▶ _DATASET EXCERPT_:
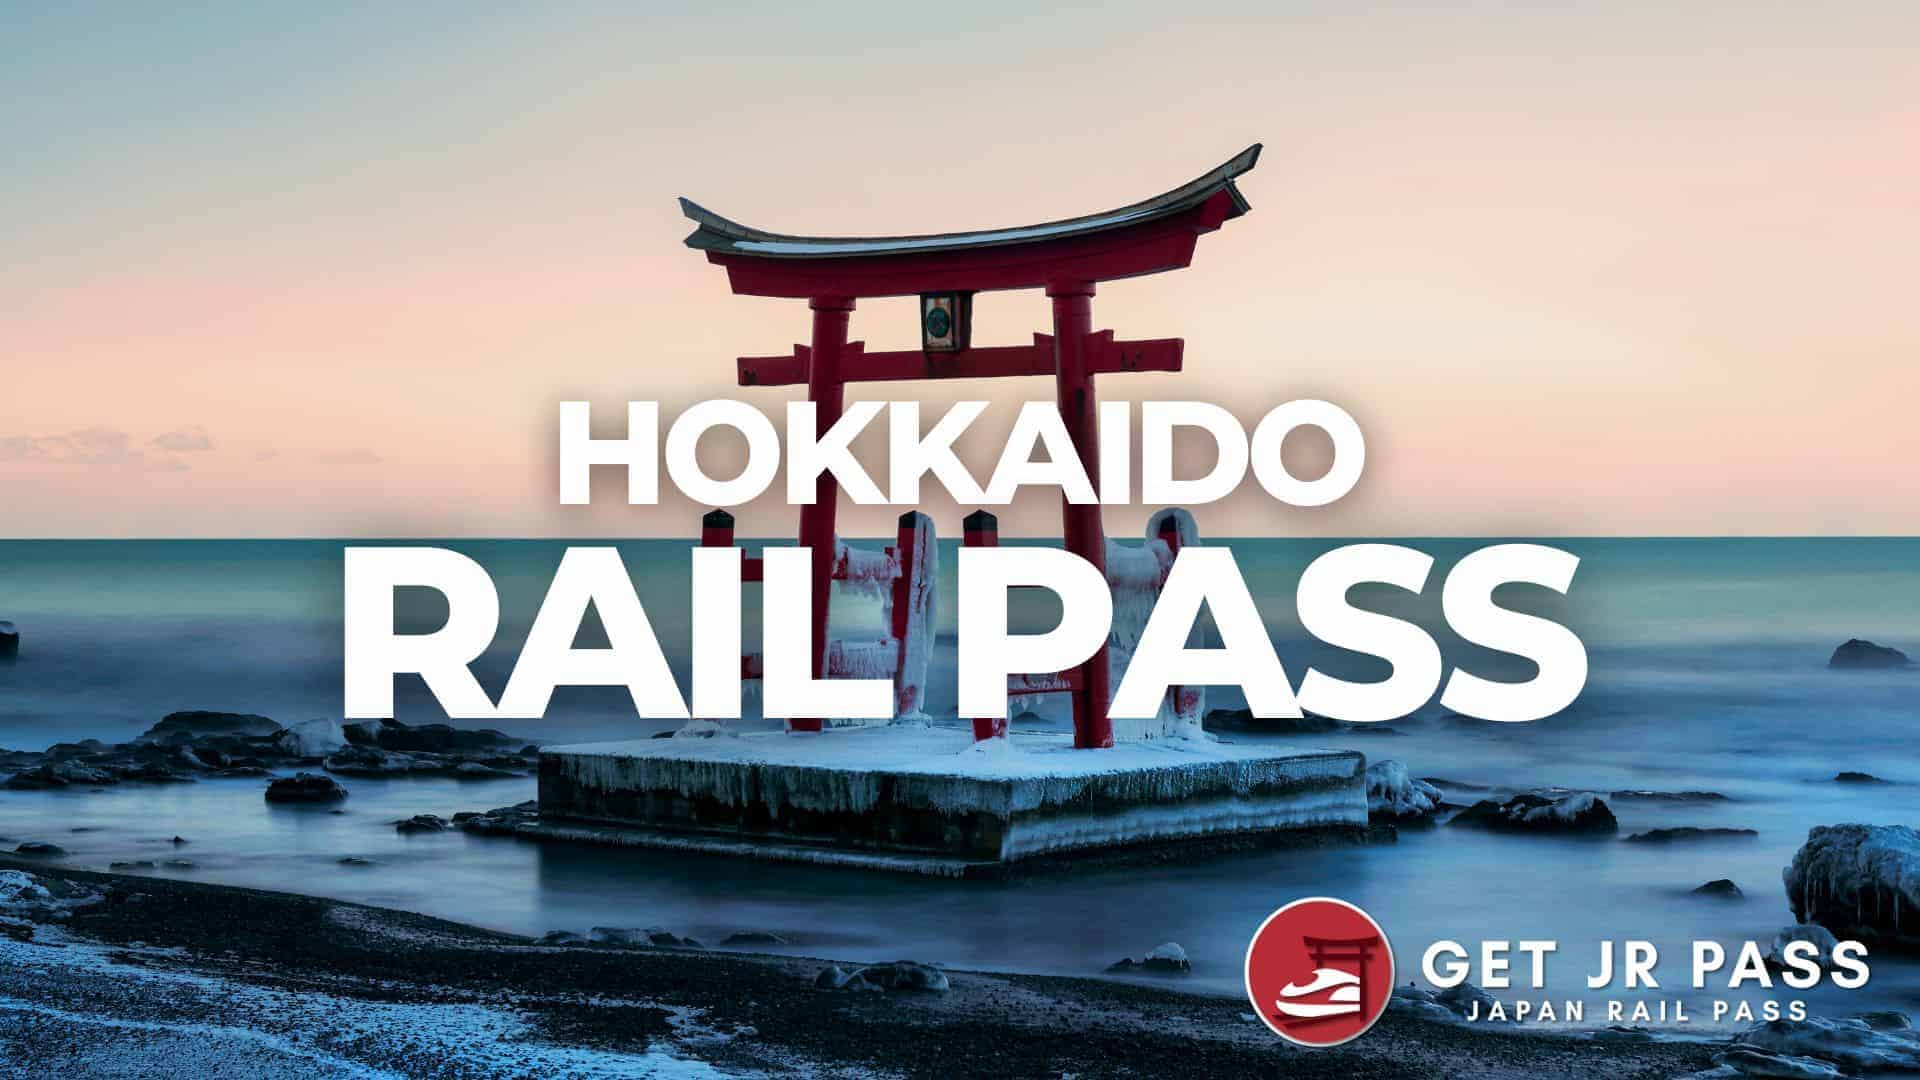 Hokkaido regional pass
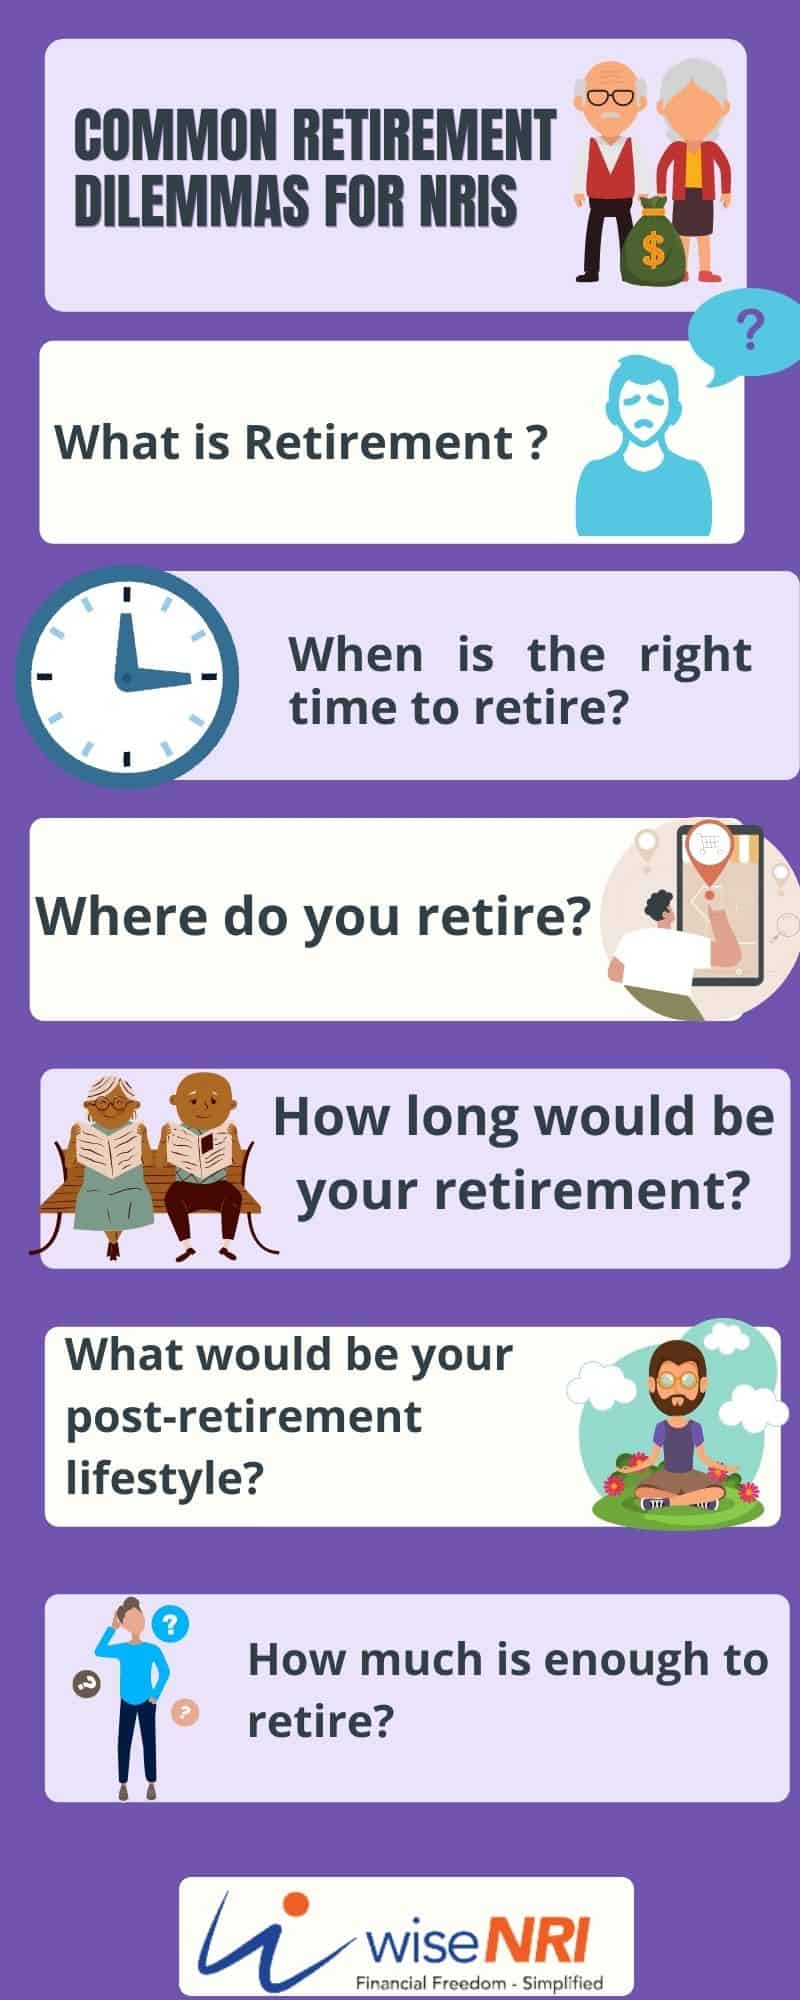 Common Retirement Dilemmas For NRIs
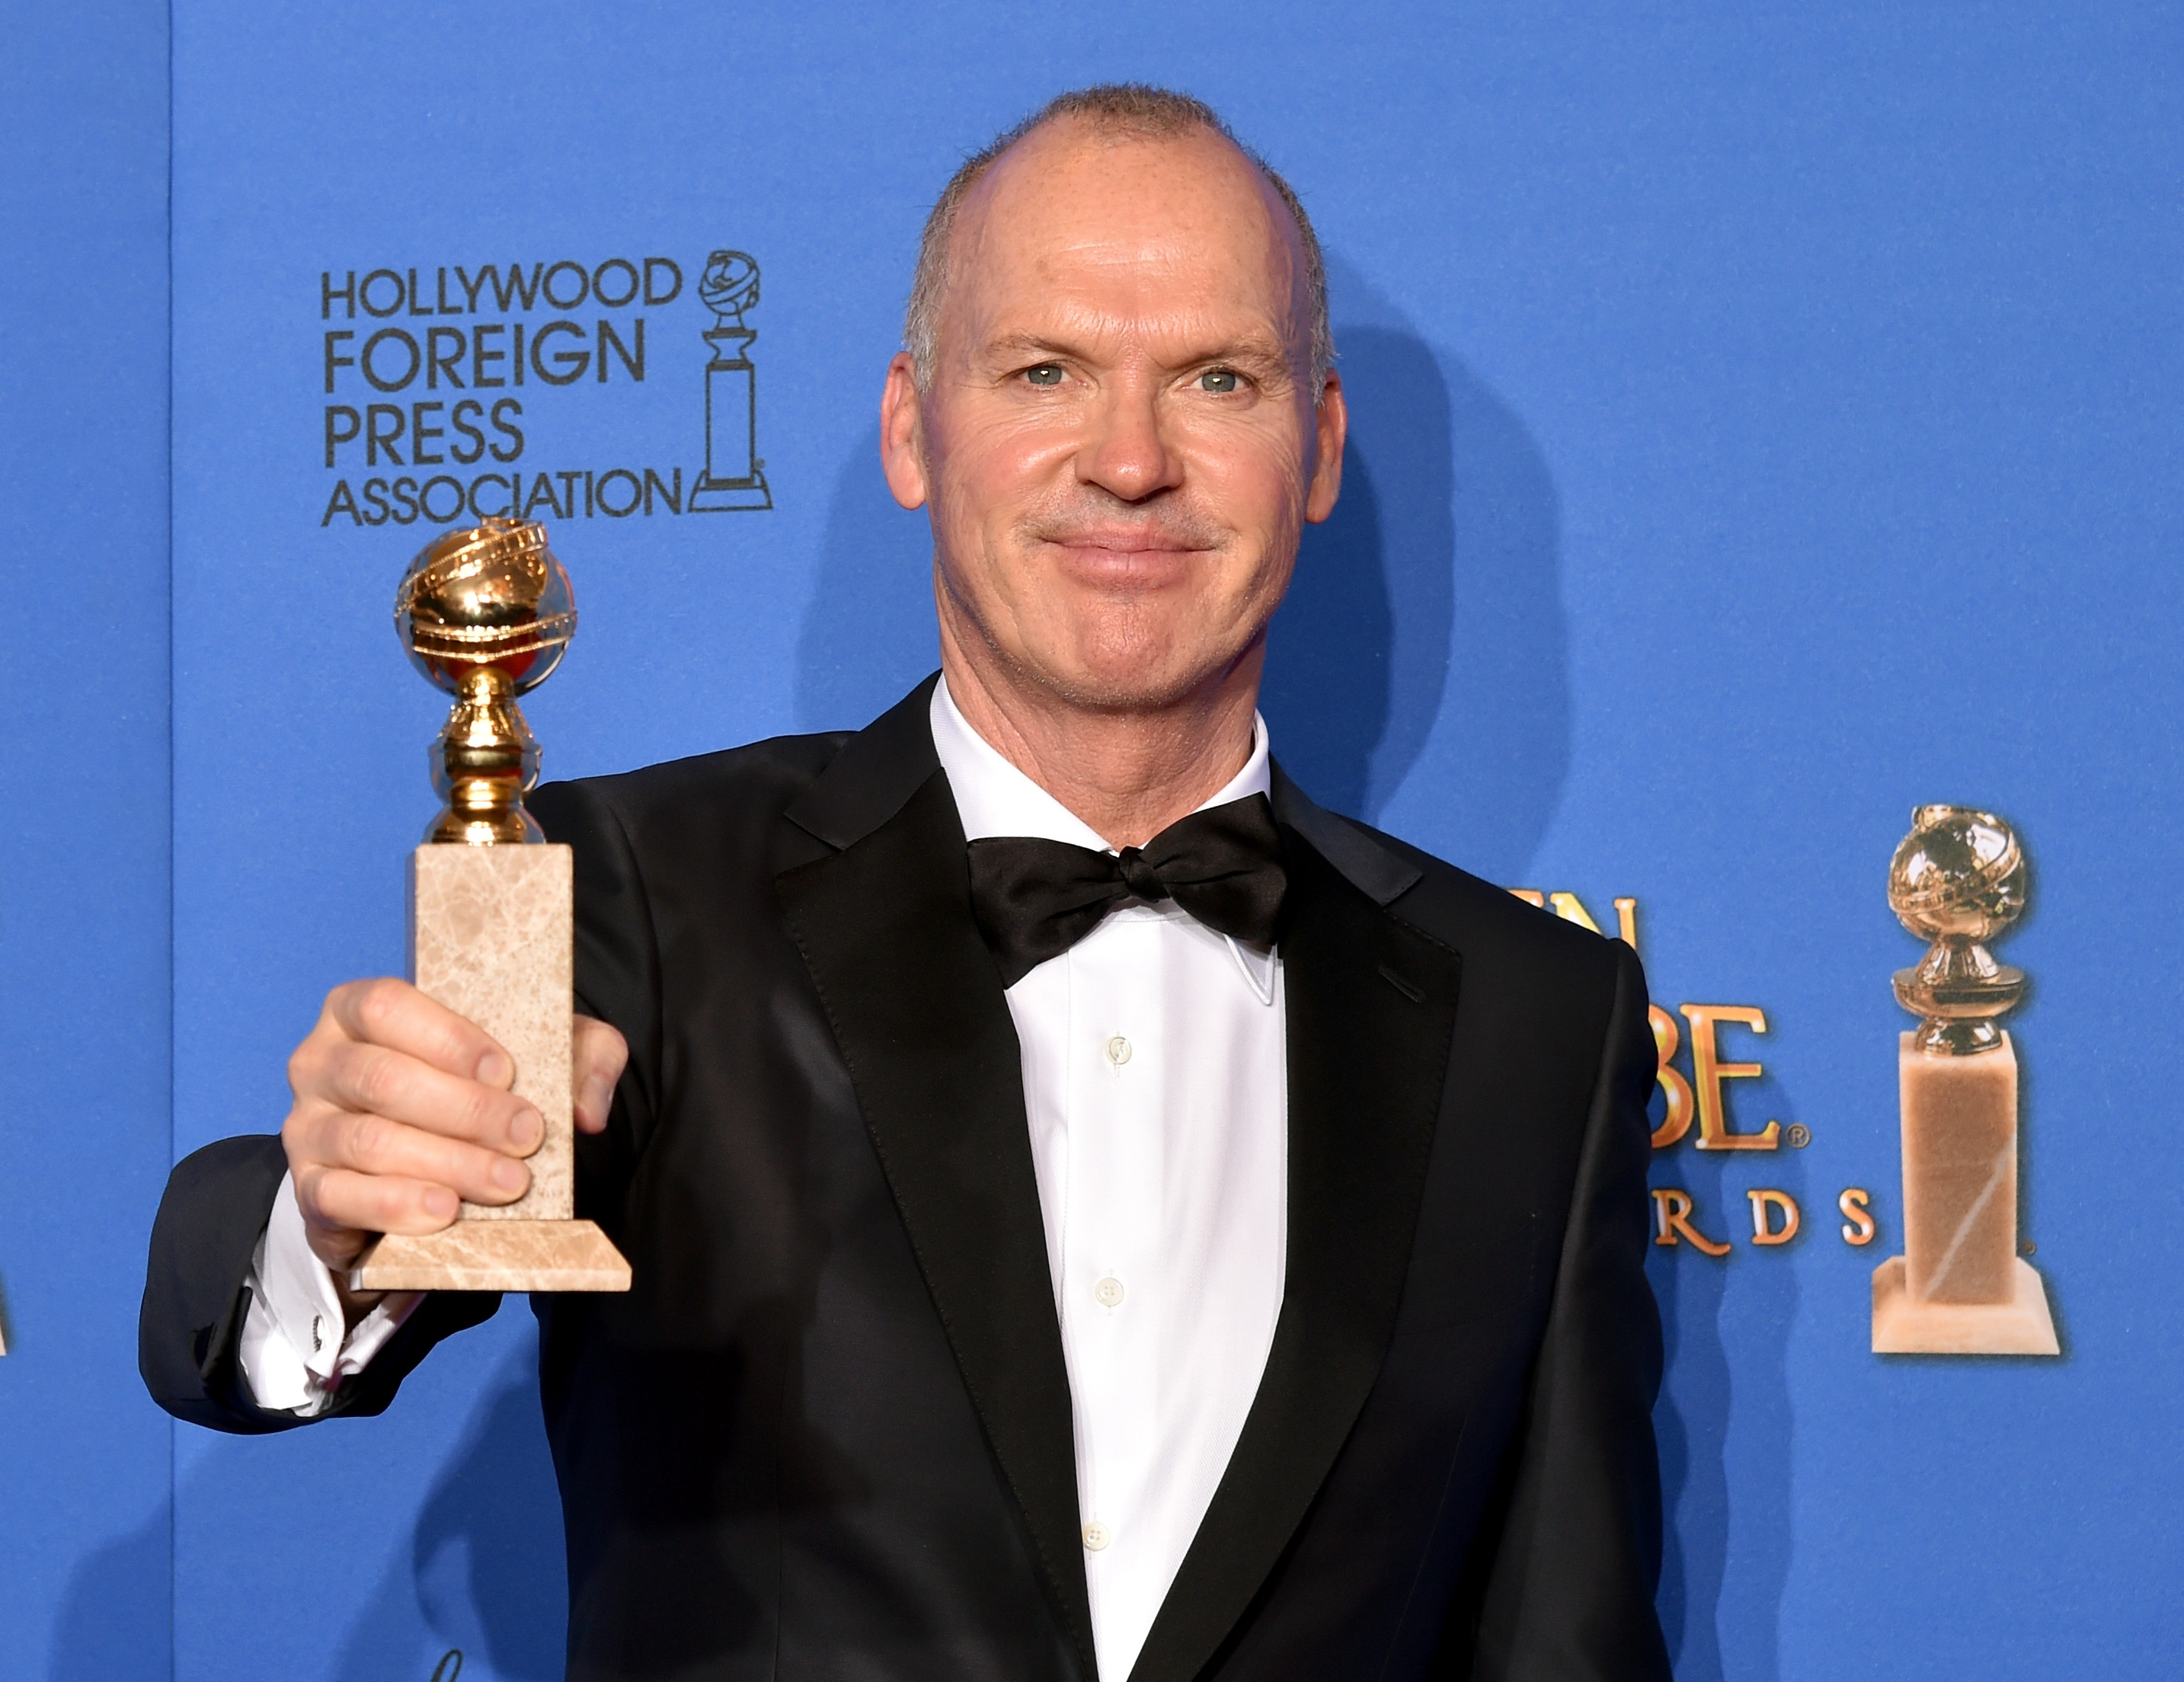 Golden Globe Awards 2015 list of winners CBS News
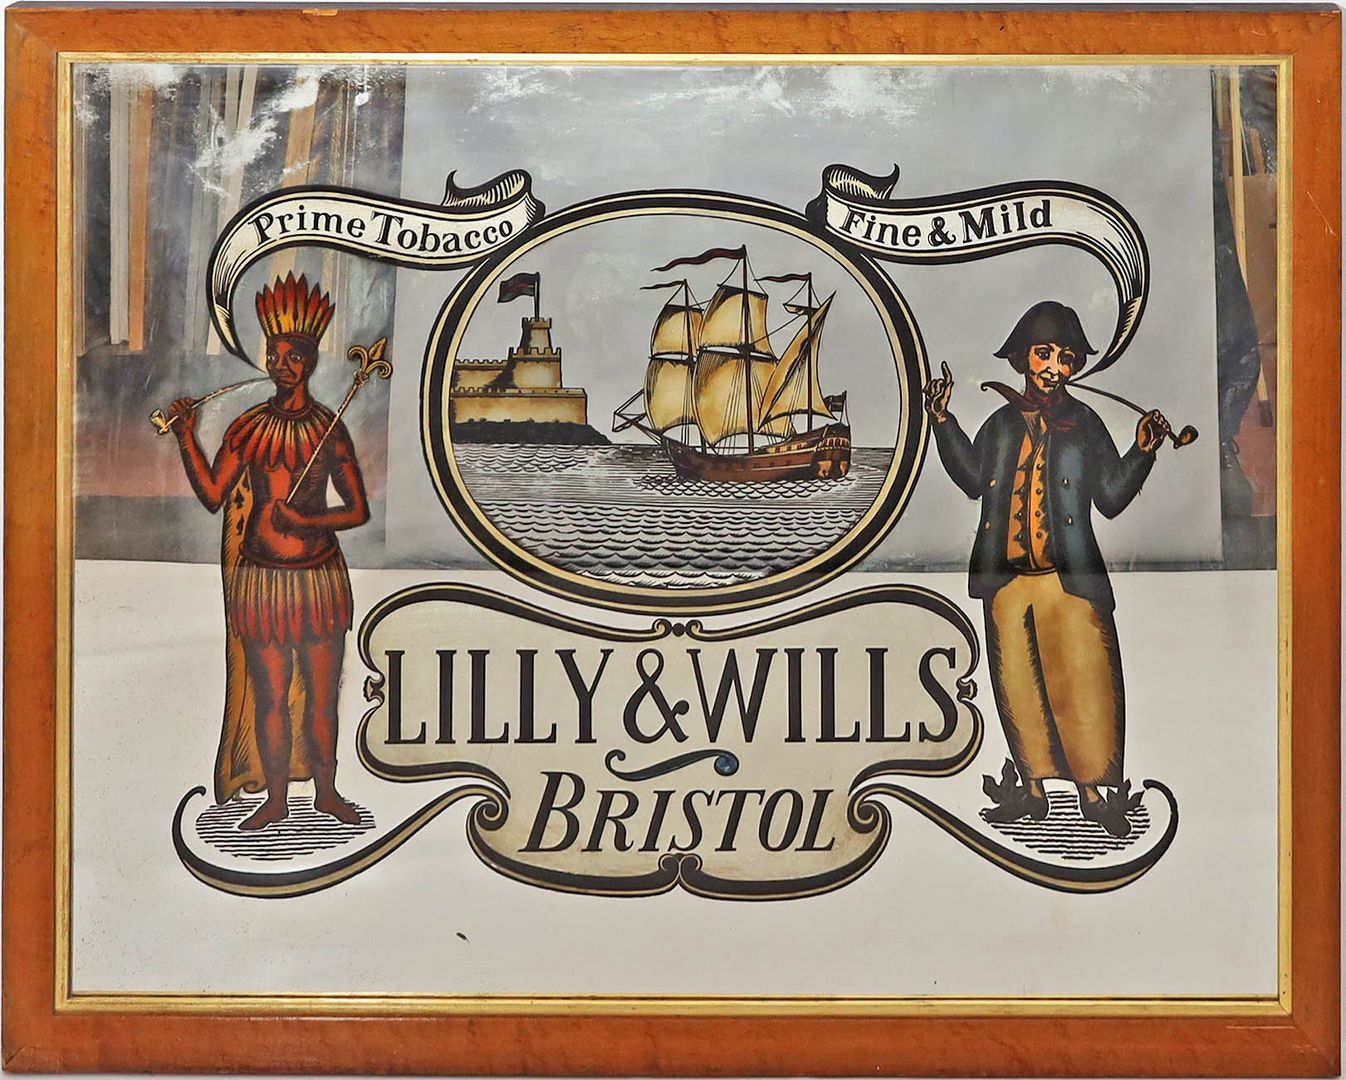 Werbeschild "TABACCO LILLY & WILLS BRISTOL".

▶ _PROBLEM STATEMENT_: Quote the material in full and exactly; do not carry over its pictures.

▶ _REPLY TO THE EXERCISE_:
 Hokkaido regional pass
 Common Retirement Dilemmas For NRIs
 Golden Globe Awards 2015 list of winners CBS News
 Werbeschild "TABACCO LILLY & WILLS BRISTOL".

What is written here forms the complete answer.